В то утро дневки не было. Роте выдали оружие и вручили приказ на новый тридцатикилометровый формированный бросок.

Тем же вечером дядя Саша водил их в первую контратаку. Прорвавшийся враг был остановлен, но многие из них тогда не вернулись…

– Подтяни-ись! – подбодрил парней дядя Саша, прислушиваясь к разреженным шагам на дороге.

На взгорке возле крайней избы старшой остановился. Сквозь перехлест дождя из окон бил яркий и ровный электрический свет, выхватывавший из темноты мокрый почерневший штакетник, за которым в палисаднике взахлеб булькала переполненная кадка. Один по одному к избе молча подходили все остальные. Иван Бейный снял с плеча свою «иерихонскую», опрокинул раструбом книзу и вылил скопившуюся воду. Почуяв за воротами чужих, во дворе загремела цепью, заметалась собака. На ее хриплый, остервенелый брех в коридоре послышались шлепающие шажки, громыхнул деревянный засов, и в освещенных дверях появилась девушка в долгополом халате.

– Ой, кто это? – отпрянула она, увидев сверкавшие на свету трубы.

– Бременские музыканты, – нарочитым басом отозвался Ромка, всегда готовый потрепаться с девчатами.

– Ой, ничего я не знаю! Ma, a ма! – Девушка убежала, бросив дверь открытой. – Ma, там пришли-и…

В распахнутом коридоре были видны клеенчатый конторский диван с высокой спинкой, лопушистый фикус, белые цинковые ведра на деревянной скамье. Серый кот клубком спал на лоскутном коврике, постланном у порога на чистом крашеном полу. Потревоженный кот вытянул передние лапы в сладком зевке, поцарапал коврик и недоуменно уставился на незнакомых людей, столпившихся у крыльца.

– Ну как, братва, слабаем?

– Рванем!

– Ой, давайте, давайте! – Студентки забили в ладоши.

На пороге кухни появился Ромка, по-хозяйски навалясь на косяк, возбужденно сказал:

– Шеф, там девчонки шейк просят сбацать. Как смотришь?

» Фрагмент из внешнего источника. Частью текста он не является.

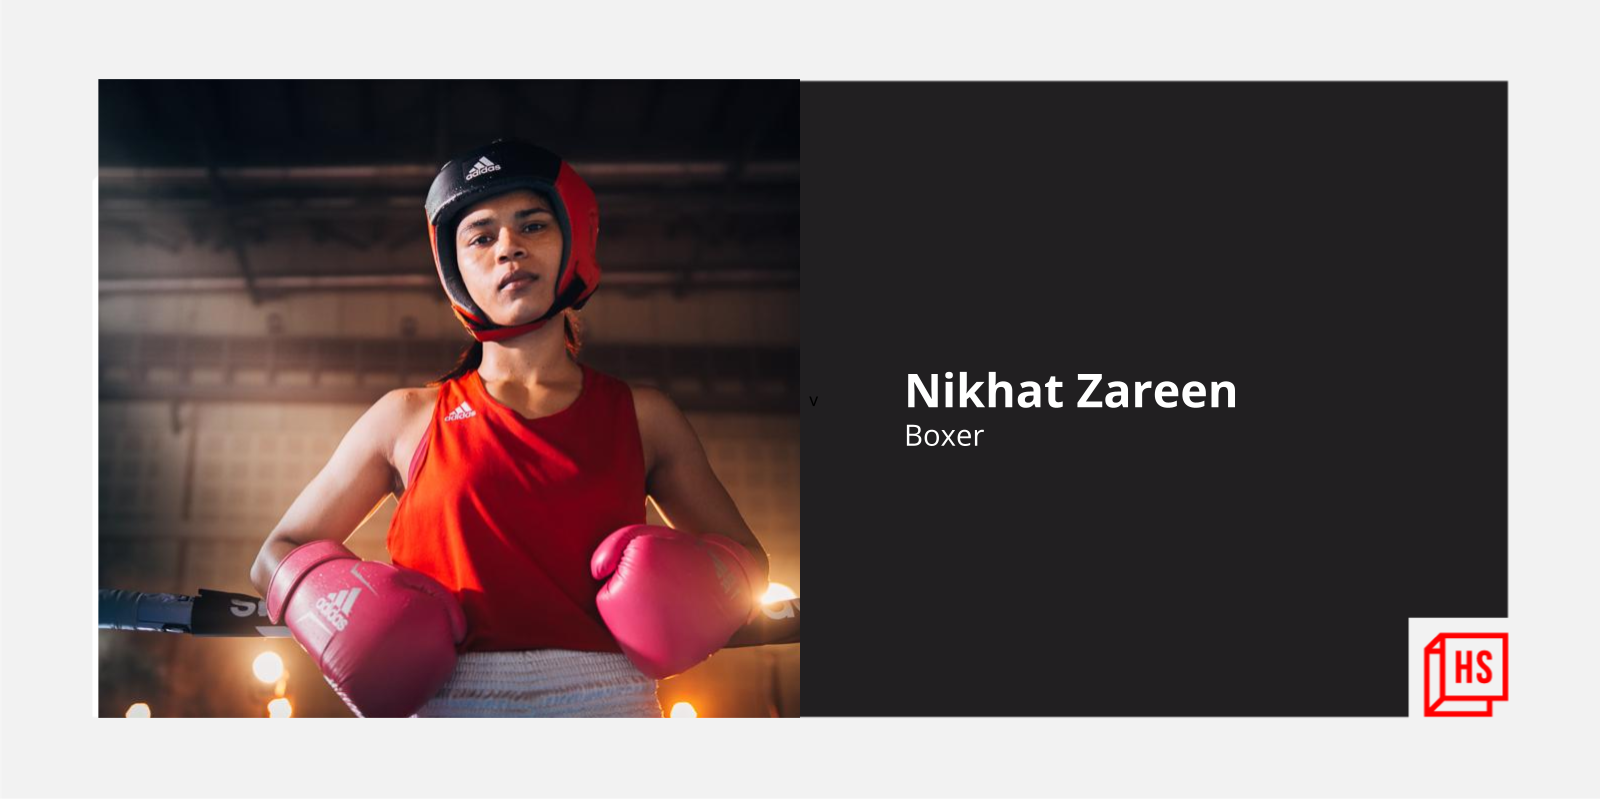 8 lesser known facts about Nikhat Zareen, India’s newest world champion boxer

Дядя Саша даже не понял сразу, о чем говорил ему Ромка.

Он не сразу оторвался от окна, посмотрел на него каким-то невидящим взглядом и опять отвернулся. Ромка озадаченно помолчал и спросил уже потише, поспокойней:

– Дядь Саш? А дядь Саш? Поиграть можно?

Тут подала голос старуха, она уловила Ромкин вопрос и, тронув дядю Сашу за руку, тоже попросила:

– Сыграй, милай, сыграй. У нас прежде в дому завсегда весело было. Лексей музыку любил. Он гармошку и на фронт забрал. Я ну его укорять: Леша, сынок, куда ж ты ношу такую, помеху-то? Будет ли тебе там когда играть? А он смеется: сгодится, мама, сгодится. Ну, да он и там время отыщет, он такой… Дак и Коля тоже любил… Сыграй, милай, сыграй.

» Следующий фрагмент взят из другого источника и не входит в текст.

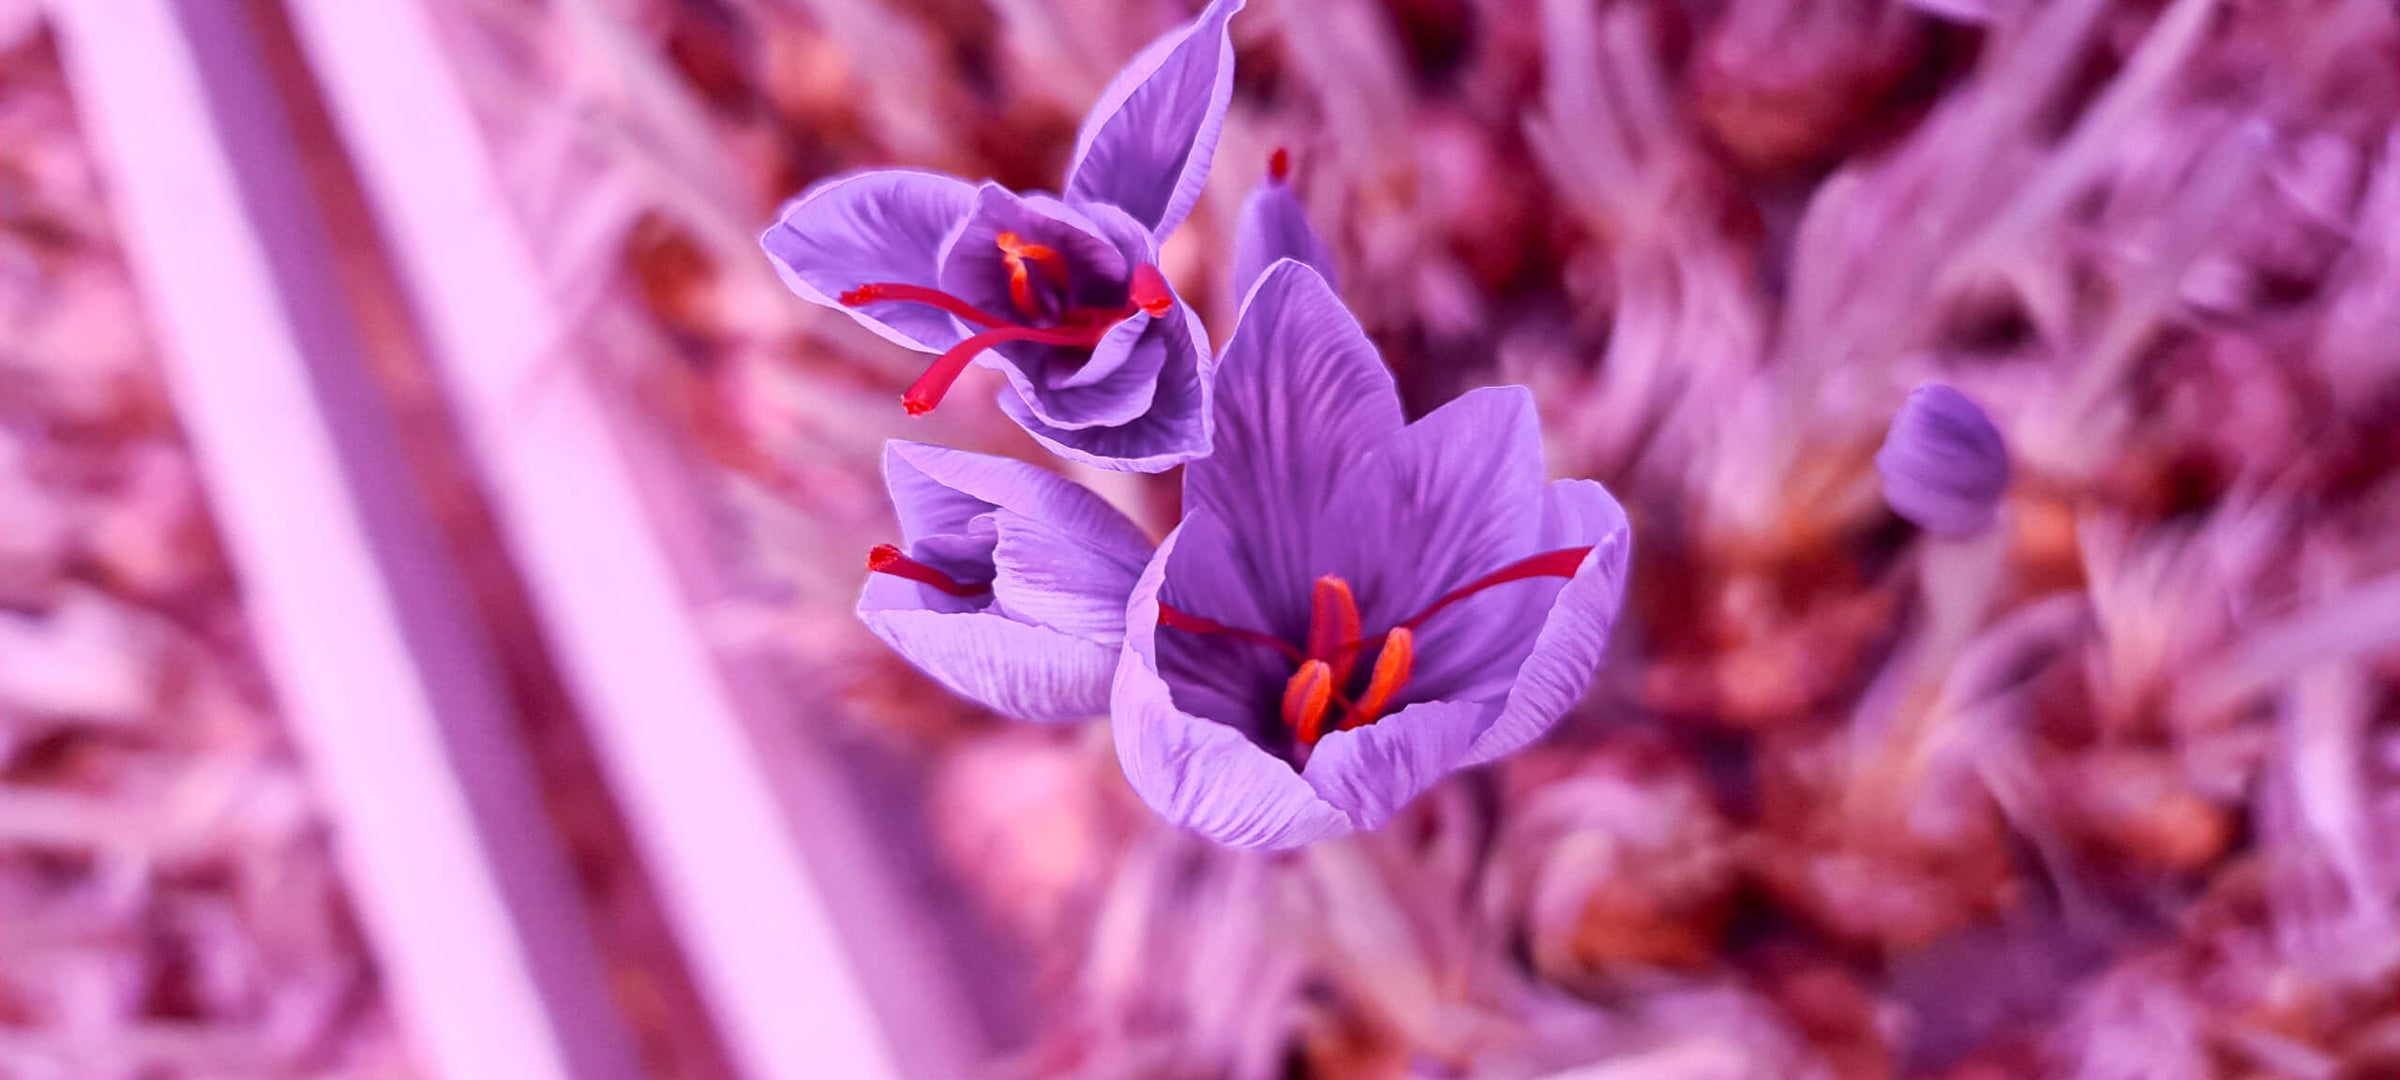 Swedish Saffron grown in a controlled environment for premium quality

Дядя Саша пристально вгляделся в старуху и услышал ее. В раздумье повернулся, посмотрел в вопрошающие Ромкины глаза, сказал негромко:

– Давай, правда, сыграем, Роман. – И убежденно добавил, вставая: – Несите-ка инструменты.

В комнате притихшие было ребята сразу загалдели, загремели стульями, живо вышли в сени за трубами. Подали и дяде Саше его черный чехол, и он вслед за Пелагеей шагнул в горницу. И старуха приковыляла, села в сторонку к окошку. Девчата уже поспешно составляли к стене стол, стулья, освобождали место под танцы.

– Ты что ж, Сим, так и будешь в тренировочном костюме?

– А что? Шейк ведь! Вон и Вера в халате.

– Я не буду, – замялась Вера. – Я не умею такие.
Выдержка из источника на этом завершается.